● **Your assignment**: Please write out only the lines from the line with "Kerzenduftöl Lemongrass – Fläschchen à 50 ml" to the line with "Hình nền sổ", inclusive, exactly as they stand below, without the pictures.

● **Data under study**:
__________

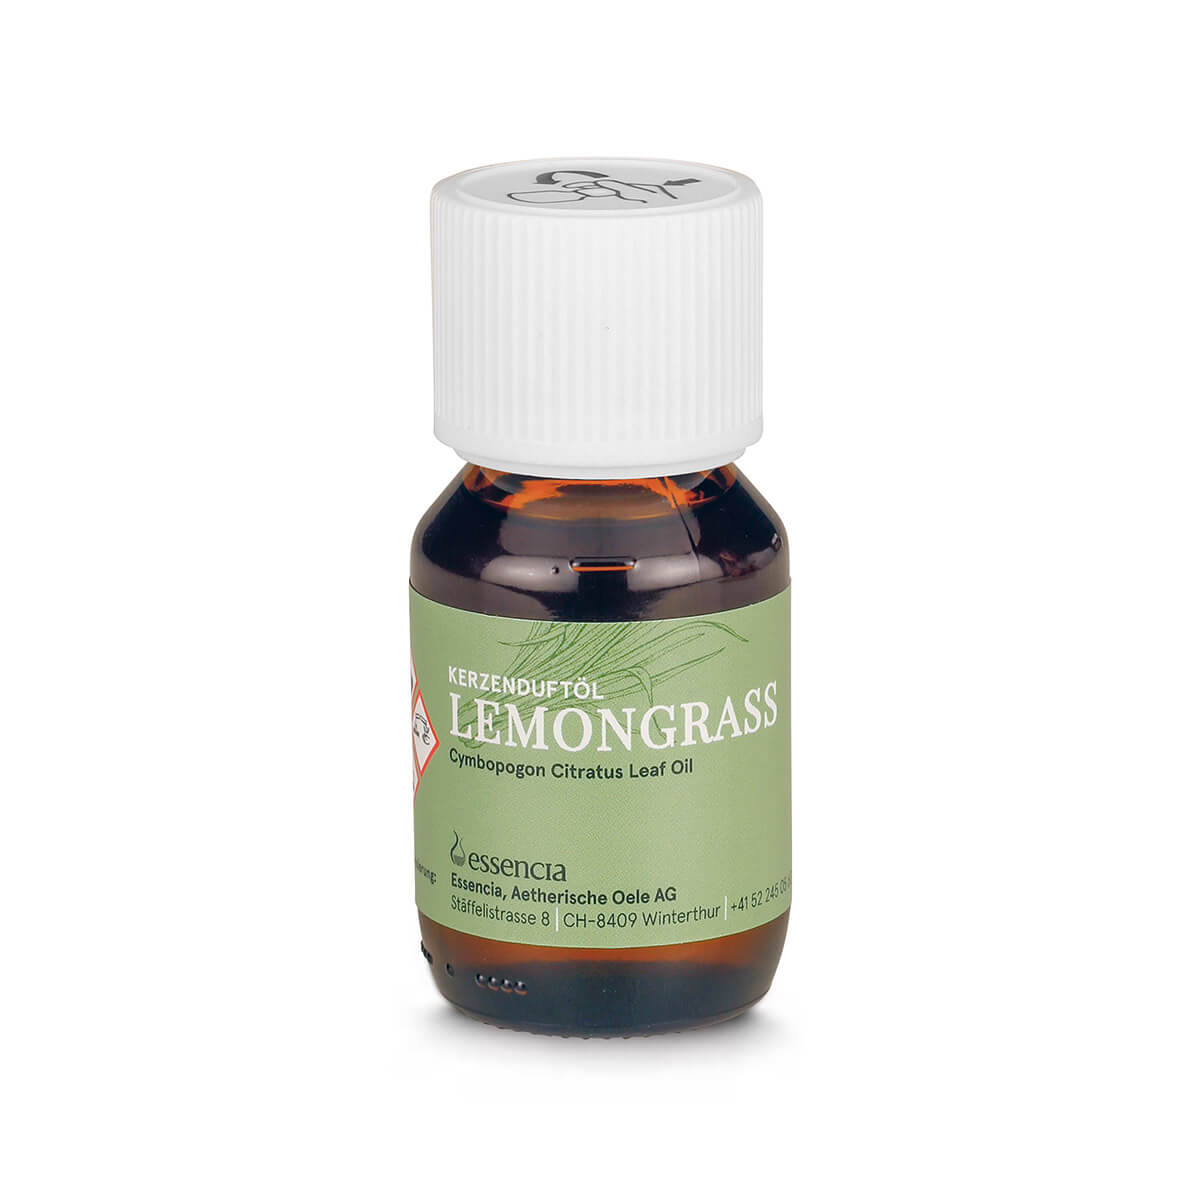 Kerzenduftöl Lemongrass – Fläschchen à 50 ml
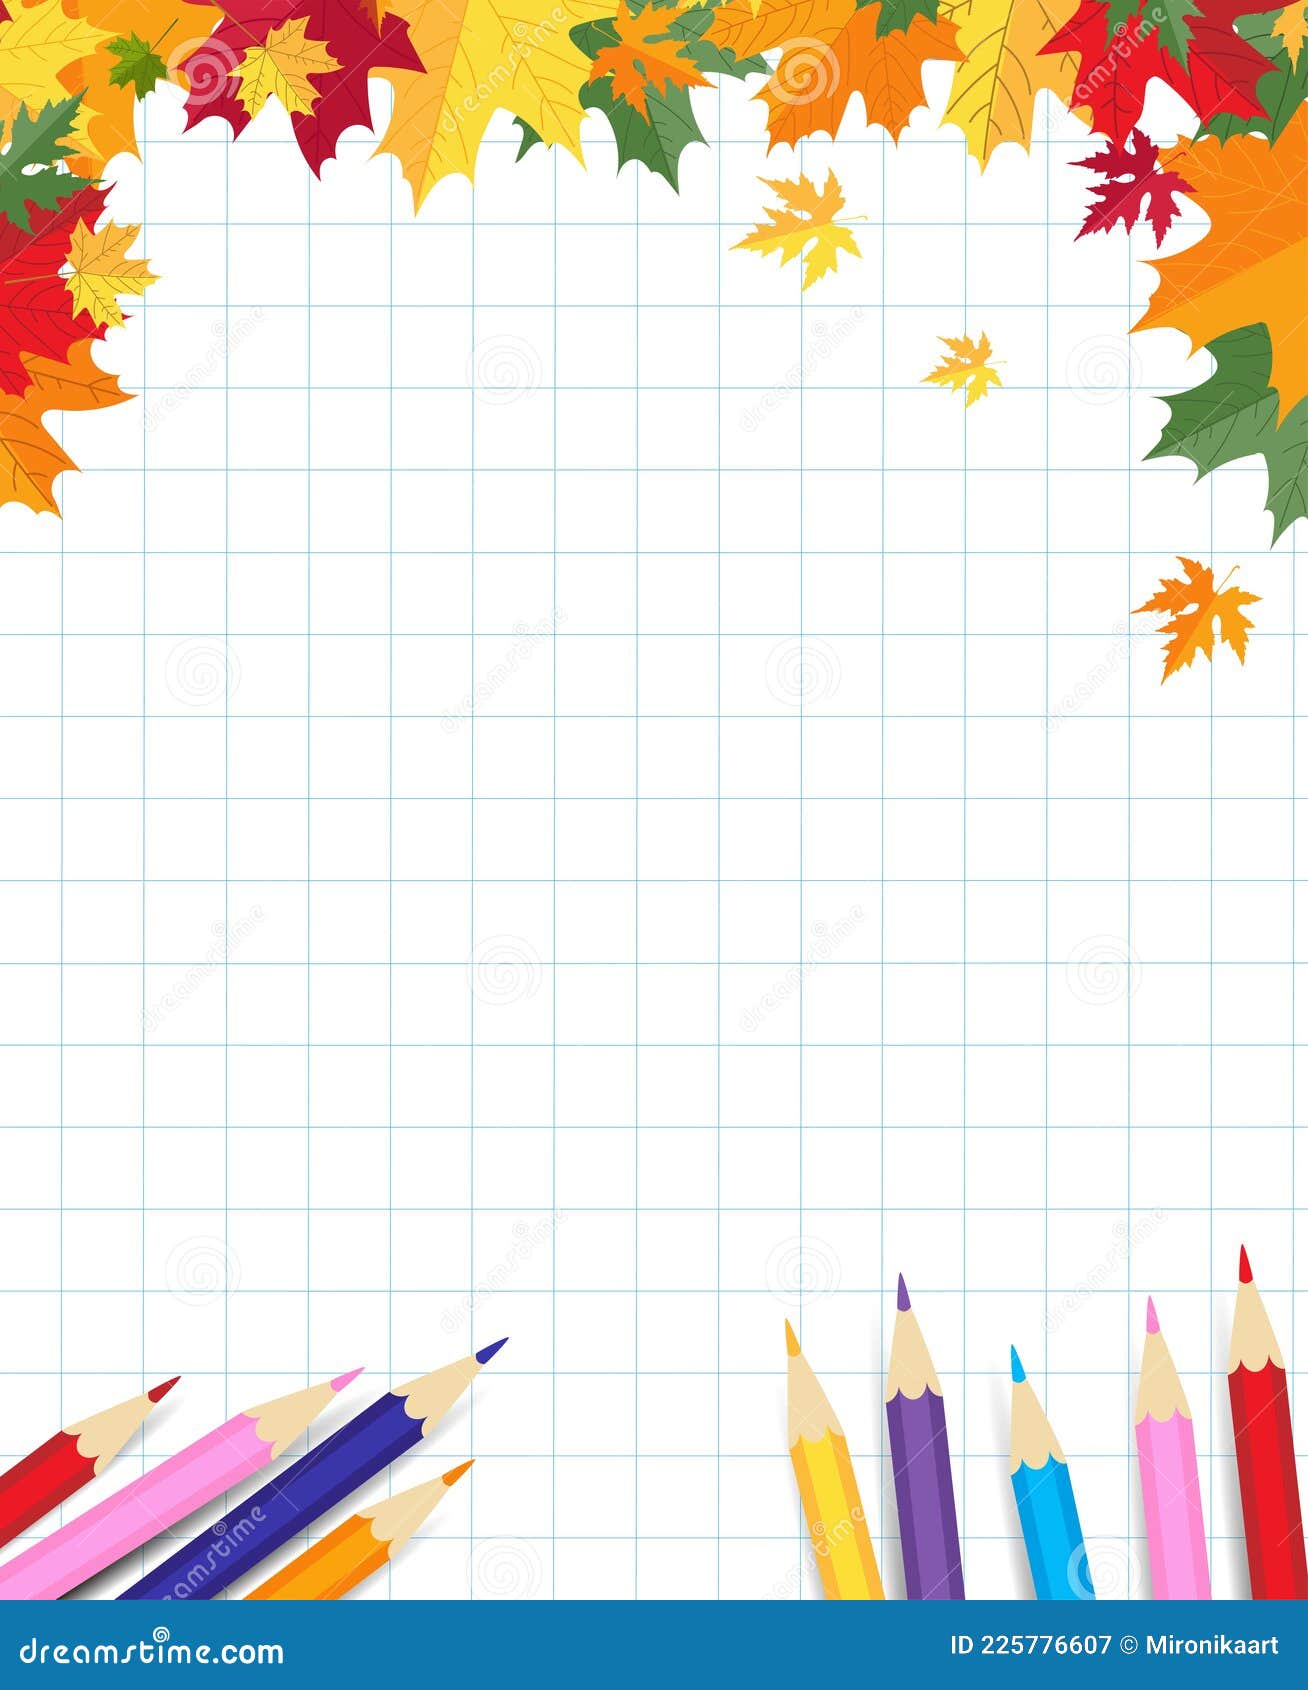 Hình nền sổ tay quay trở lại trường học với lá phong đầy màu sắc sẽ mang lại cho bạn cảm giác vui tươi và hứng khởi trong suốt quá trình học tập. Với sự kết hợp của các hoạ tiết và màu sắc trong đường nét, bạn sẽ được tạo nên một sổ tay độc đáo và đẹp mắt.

__________

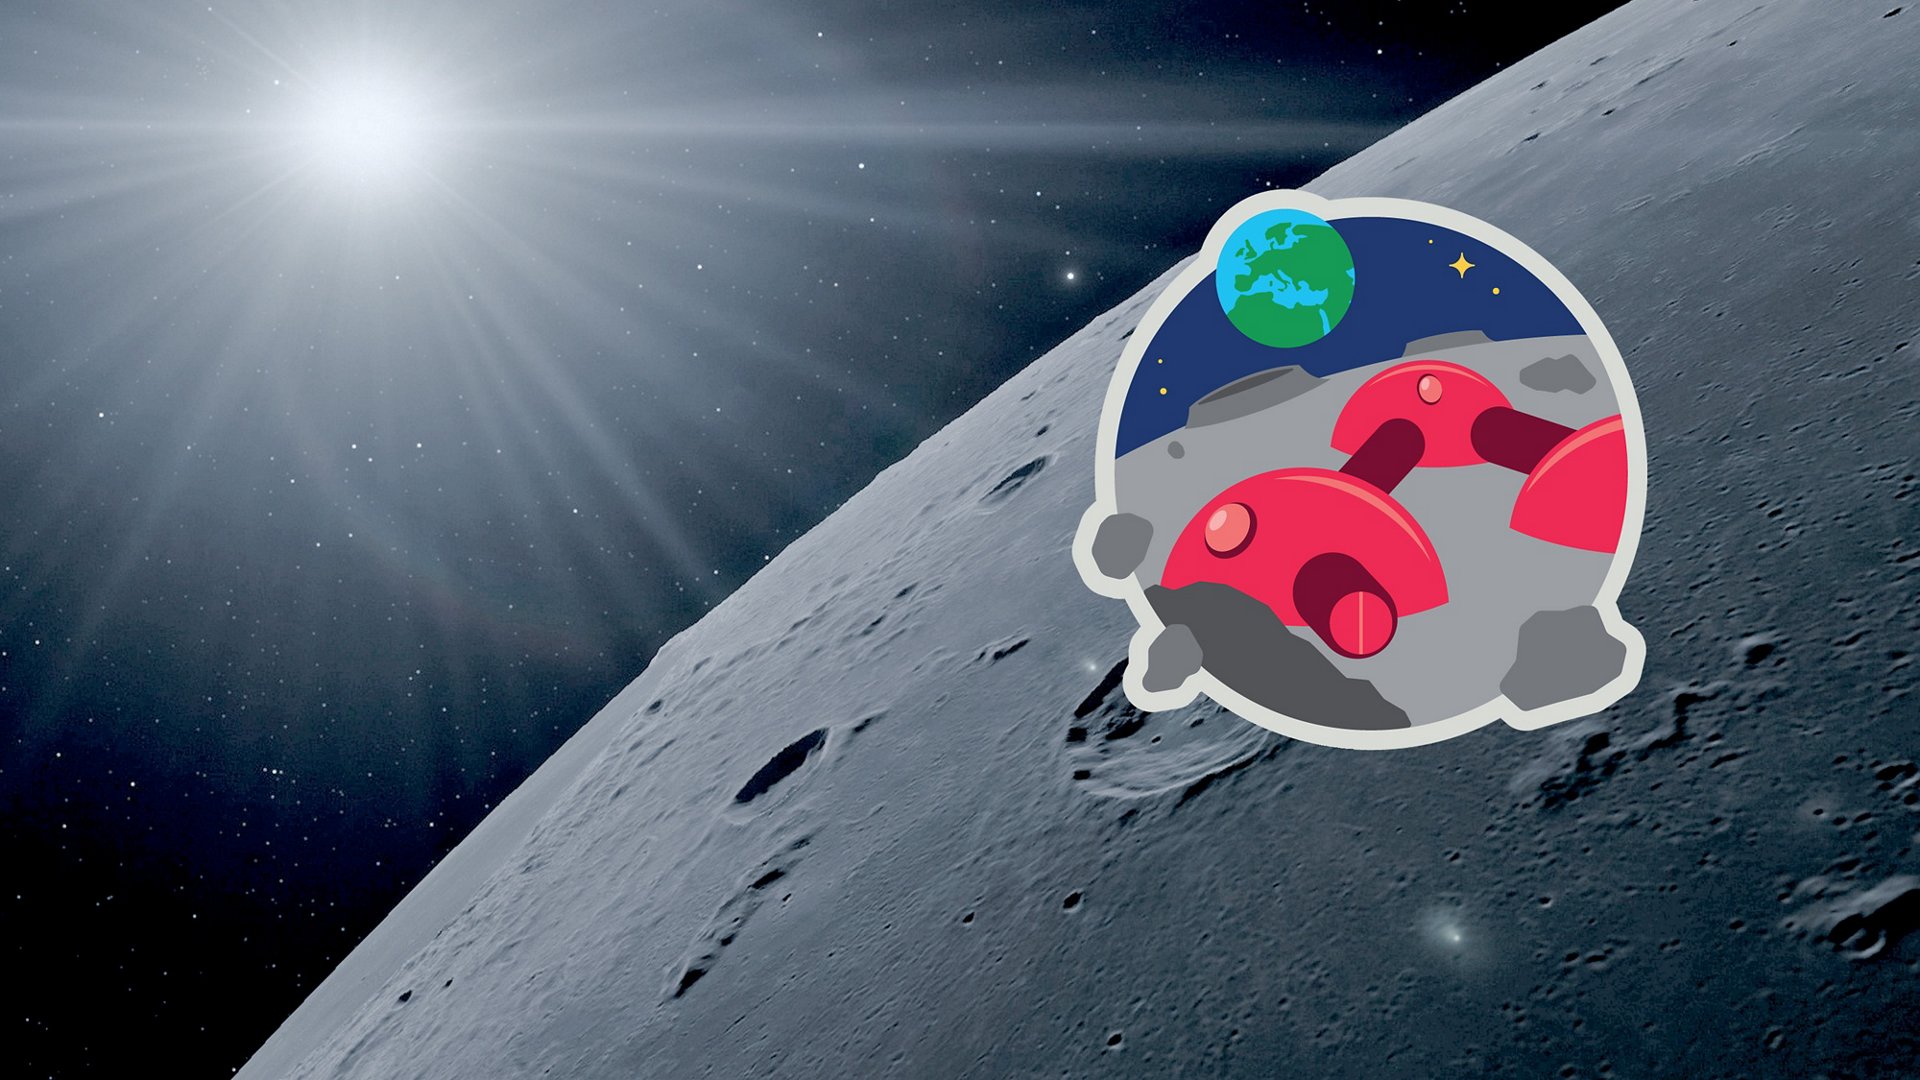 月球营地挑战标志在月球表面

__________

● **Answer to this task**:
 Kerzenduftöl Lemongrass – Fläschchen à 50 ml
 Hình nền sổ tay quay trở lại trường học với lá phong đầy màu sắc sẽ mang lại cho bạn cảm giác vui tươi và hứng khởi trong suốt quá trình học tập. Với sự kết hợp của các hoạ tiết và màu sắc trong đường nét, bạn sẽ được tạo nên một sổ tay độc đáo và đẹp mắt.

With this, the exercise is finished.